Task prompt - The required answer is the data below, restated word for word with images omitted.
+++ Dataset excerpt
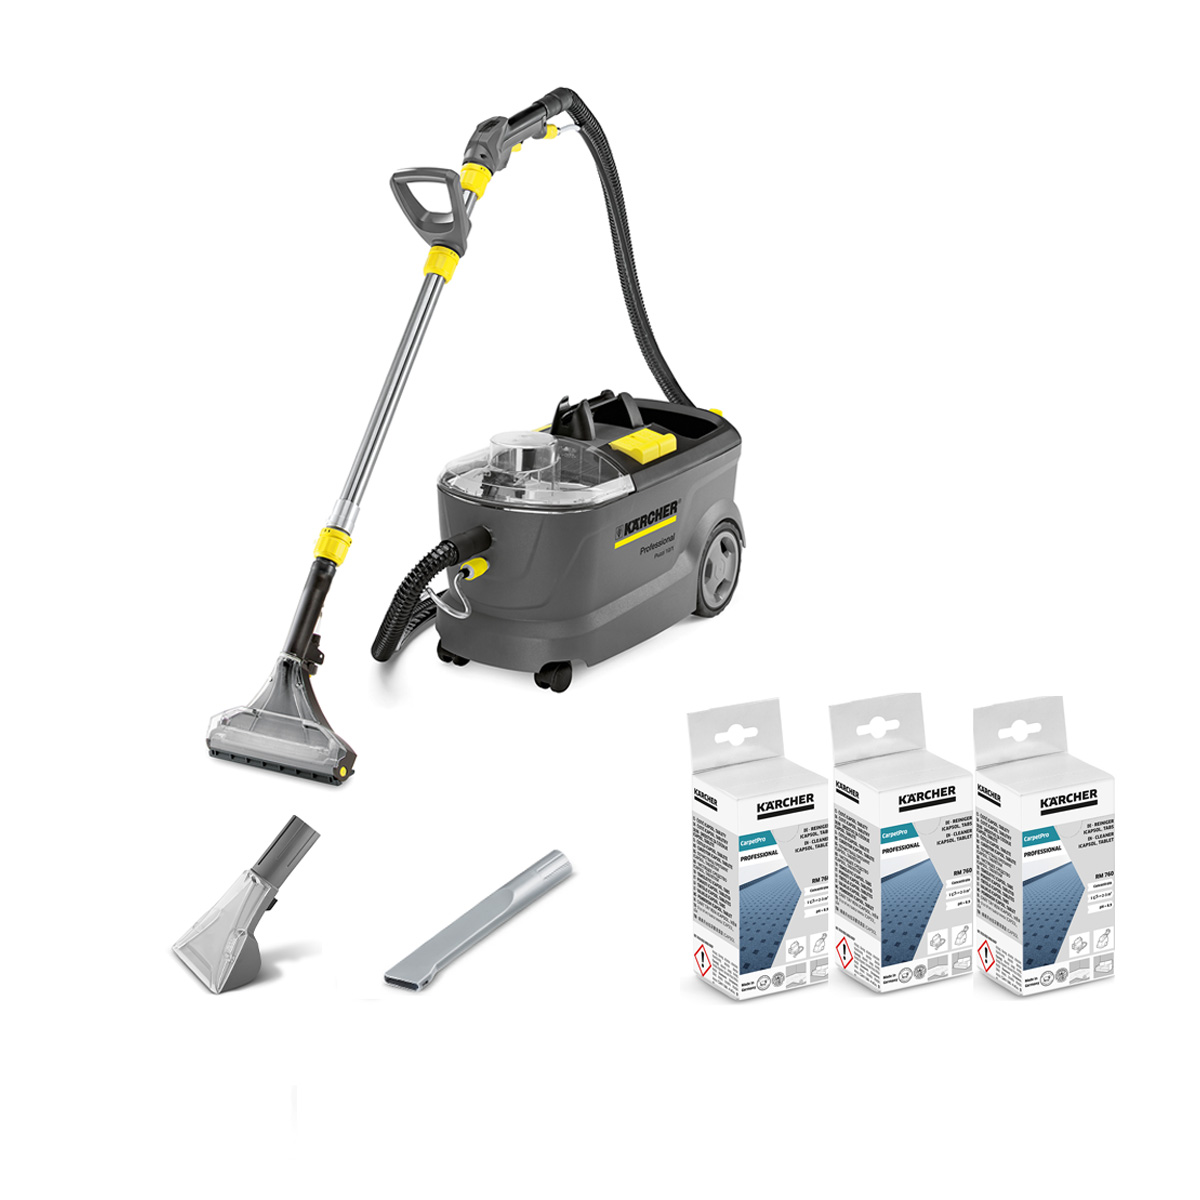 KARCHER Puzzi 10/1 & 8/1C - Spray Extraction Cleaners 
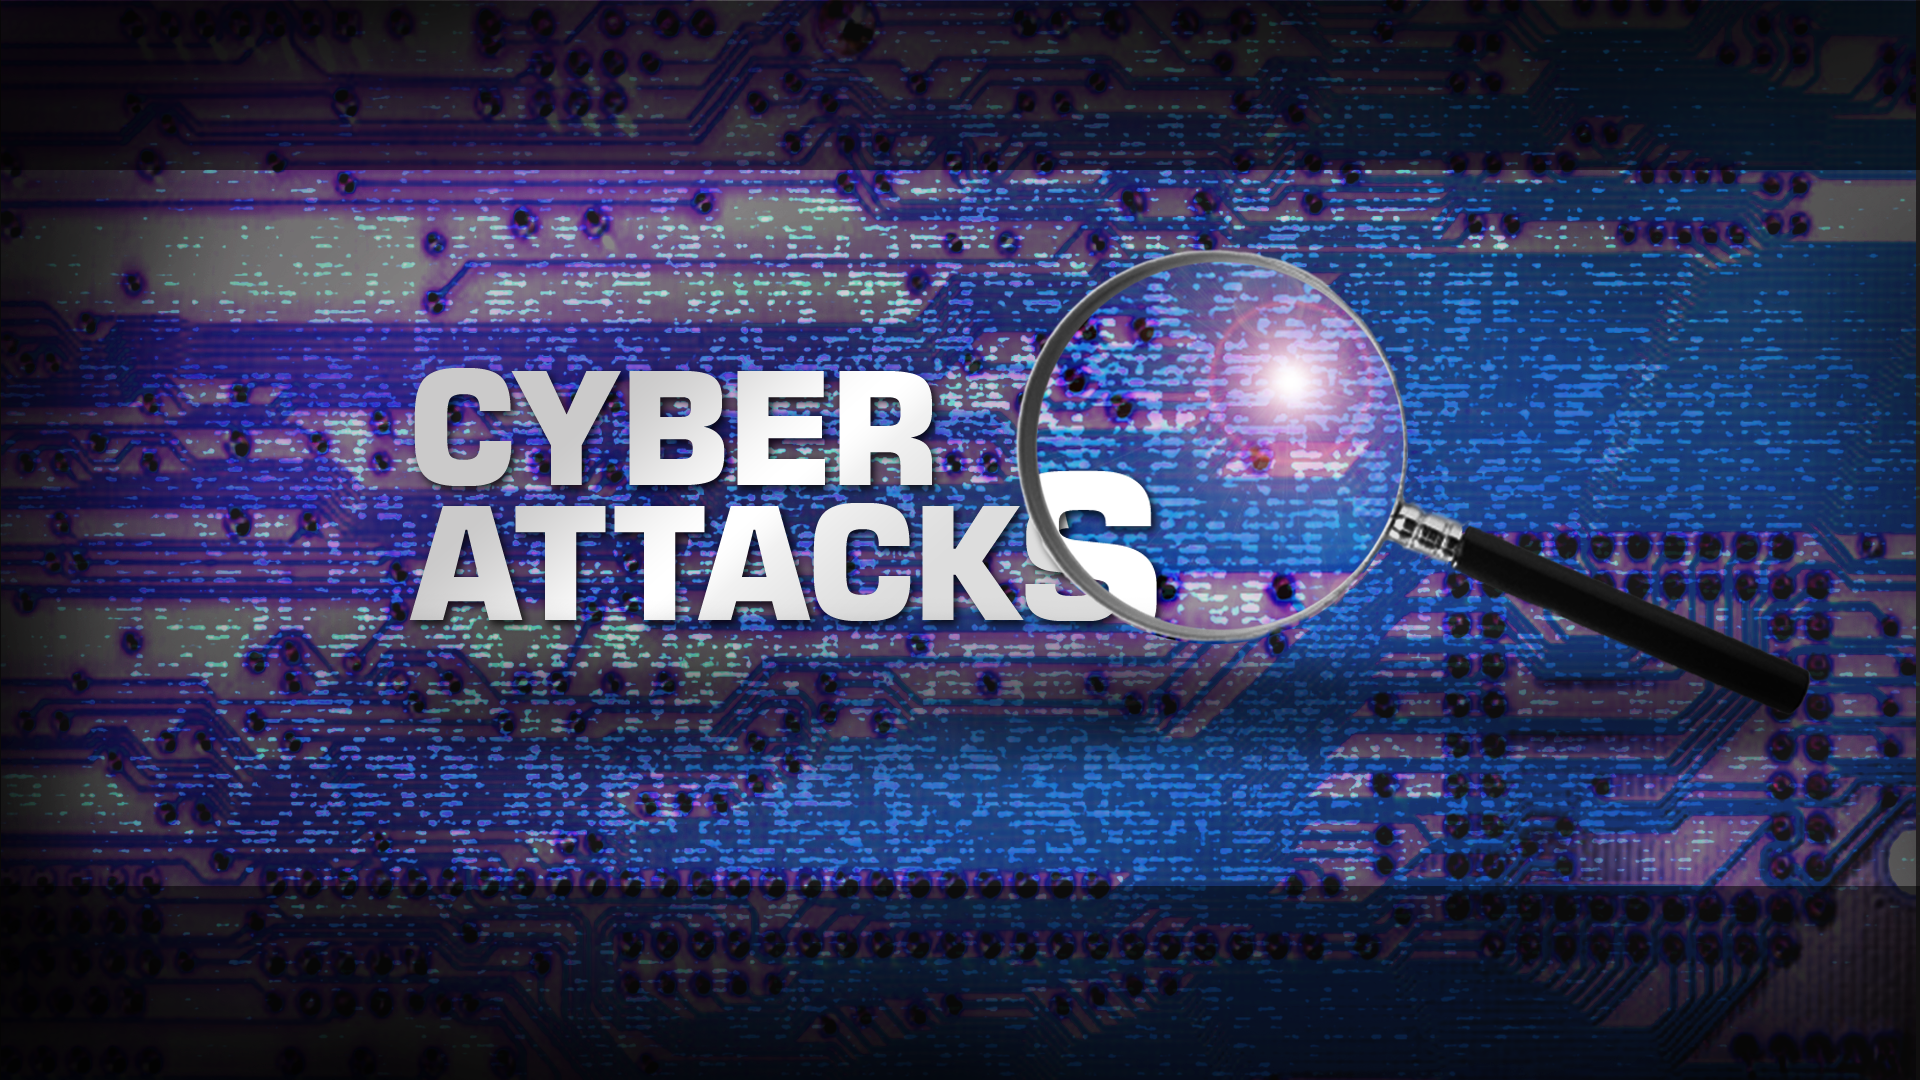 Cyber Attacks: 3 Types Of Threats To Watch Out For in 2021
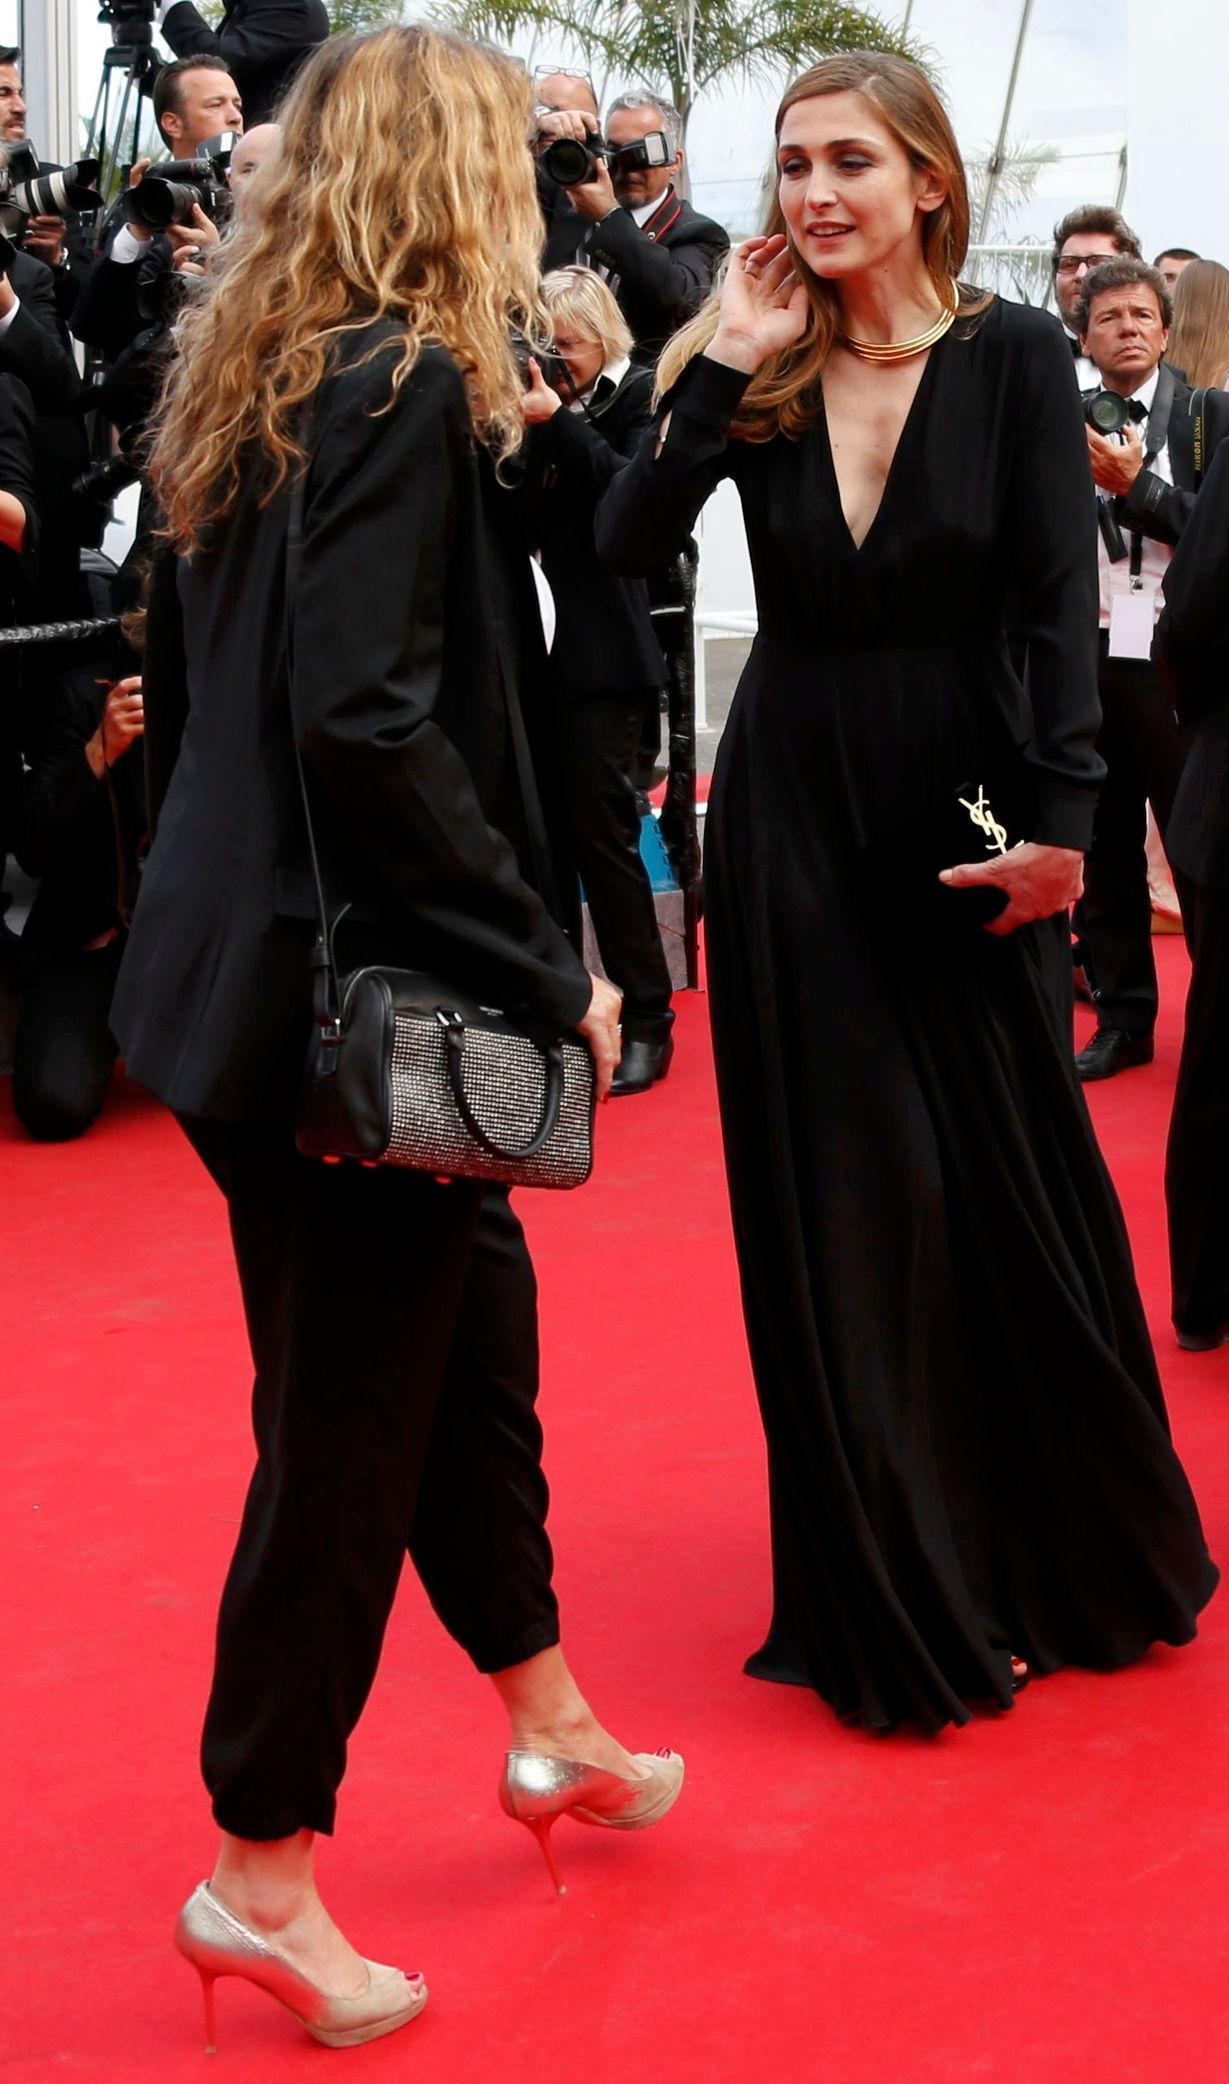 Actress Julie Gayet and director Lisa Azuelos pose on the red carpet at the 67th Cannes Film Festival in Cannes
++++++
Reply -
 KARCHER Puzzi 10/1 & 8/1C - Spray Extraction Cleaners 
 Cyber Attacks: 3 Types Of Threats To Watch Out For in 2021
 Actress Julie Gayet and director Lisa Azuelos pose on the red carpet at the 67th Cannes Film Festival in Cannes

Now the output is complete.